KATO: Is that where you developed you skill of playing two horns at the same time?
LITTLE BENNY: I learned that from Tillery, Chuck Brown’s old trumpet player.
KATO: When did you start playing with Rare Essence?
BENNY: In 1974, I hooked up with Rare Essence. They were called the Young Dynamos back then. We practiced in Andre (Whiteboy) Johnson’s living room. Then we went around Quinten (Footz) Davidson’s house and he changed the name of the band to Rare Essence taken from Rare type of perfume.
MARK WARD: So, they were already a band before you started practicing with them?
LITTLE BENNY: Yea. I was coming from practicing at the Baptist Center one day, when I heard them playing. I knew how to play, so I told a friend of mine, “knock on that door and tell them to let me play this horn and show them something.” So, I went in there and played “Hollywood Swingin”. They were amazed. (John) Big Horn said, “Play that again?” You see, I was trying to get with them because they had a cabaret coming up at the center. So, I just said to myself, “Let me get up in that thing right quick.”
MARK WARD: So, tunes like “Hollywood Swingin” was the kind of music that they started off playing?
LITTLE BENNY: Yea, that’s what we played before the go-go thing – top 40s. Actually, James (Jas. Funk) Thomas is the one that got us into playing go-go during the time when he was the DJ for Chuck (Brown). He basically worked that style.
KATO: Okay, I can tell you the first time I saw Rare Essence, I was about 14 years old. You guys were playing outside of Prince George’s Community College. Do you remember that show?
LITTLE BENNY: You’re talking about the one when we were playing up high on that platform.
KATO: Yes… that’s the one I’m talking about. I can remember during that time Funk was up on the front line leading and I faintly remember the rest of you all. I also remember some of the slick things you used to say on your microphone. Although during that time it was evident, because your presence was so dominant, how did it grow to where you began taking over as lead?
LITTLE BENNY: As far is doing that outside leading?
LITTLE BENNY: Basically, it was when we really started the style of vamping tunes before going all the way into the songs. I always had this way where I would just say little things to flow with the music. We became so used to it that they would build off of it. That’s the way we began setting off the grooves. Funk would just talk and I would groove it. Then, when it came down to the horn parts, Mark (the Godfava) Lawson, Rory (DC) Felton, Bighorn and I would just work them out with steps that I would create and teach to them.
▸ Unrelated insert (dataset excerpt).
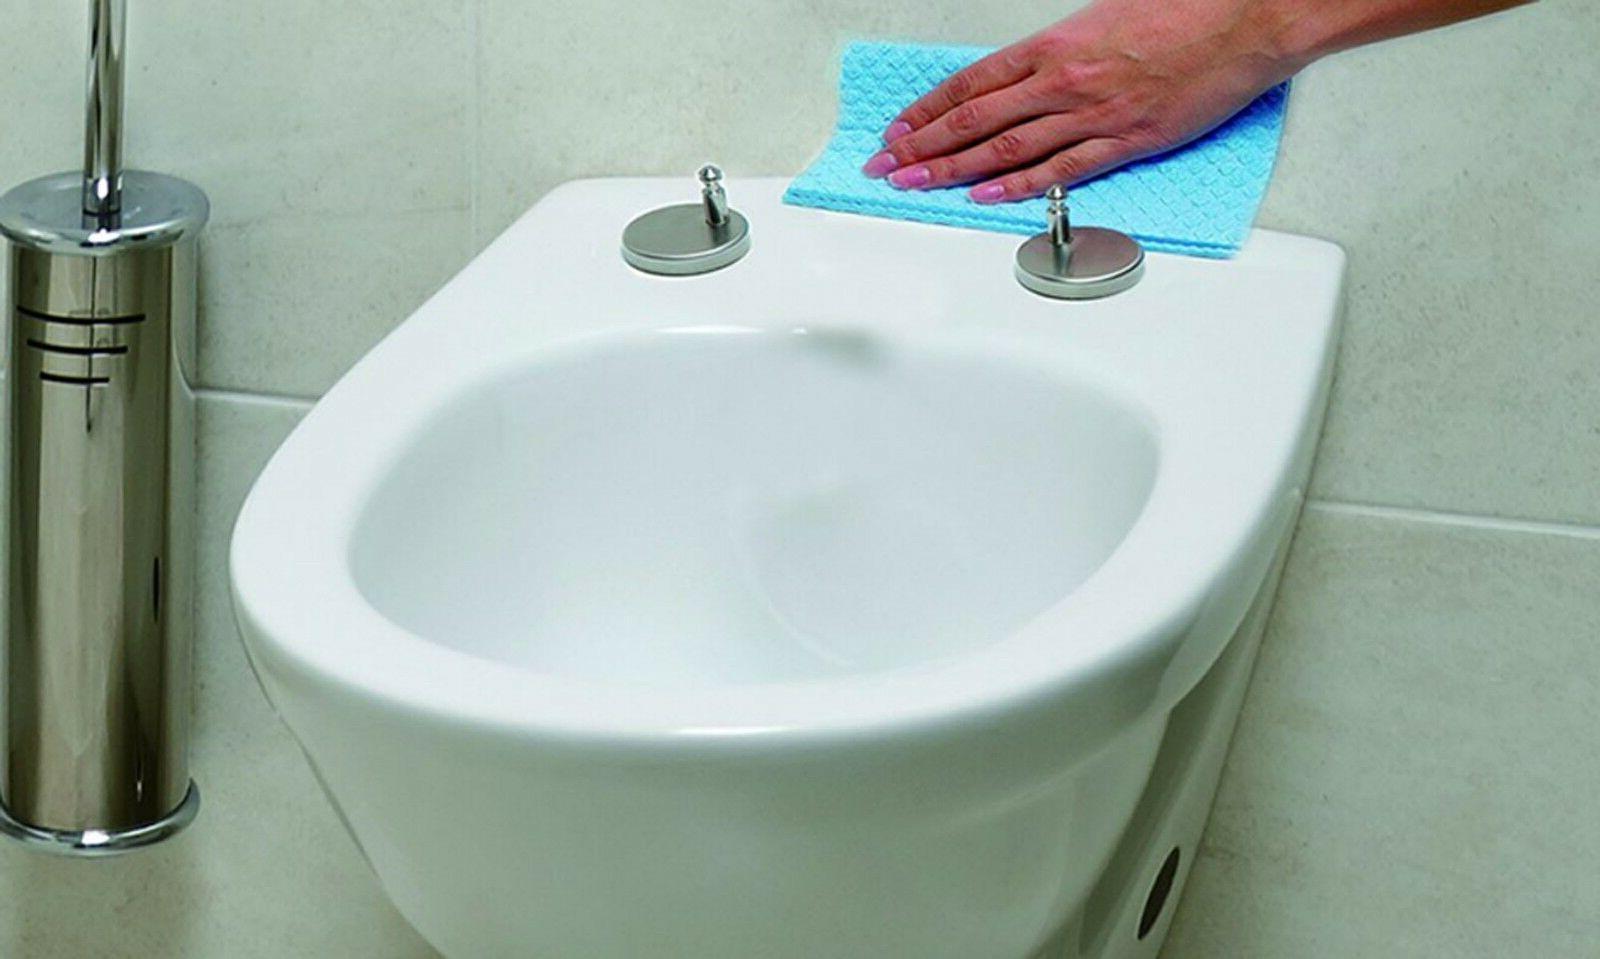 LUXURY SLOW WHITE BATHROOM SEAT WITH HINGES

So, basically that whole cycle started making it more stronger in showmanship for Rare Essence. And, that’s how that came about for me as far as being more in the front.
KATO: So, although Whiteboy was the one calling the songs, you were more like the person who coached it on.
LITTLE BENNY: Right!
KATO: So, that was the something that evolved into the style you guys created and became so potent that other bands began coming out sounding like either you or Funk during that time.
LITTLE BENNY: Right. I guess many of them just decided which style they wanted to use, Funk’s or mine.
MARK WARD: Were bands like EU already playing go-go back then?
LITTLE BENNY: Nah. That was around the time when I taught Sugar Bear how to rap to their stuff. They were more into the rock style of the music.
MARK WARD: Were you guys the first go-go band after Chuck?
LITTLE BENNY: Well… basically yes. Chuck used to let us open up for him. Sugar Bear started doing it during the time EU were playing at the Las Vegas 5000. Trouble Funk was really already out there, but they used to come around and snatch. But, hey… somebody had to take from and to somewhere, just like we listened to Chuck and got that style. It all worked, though.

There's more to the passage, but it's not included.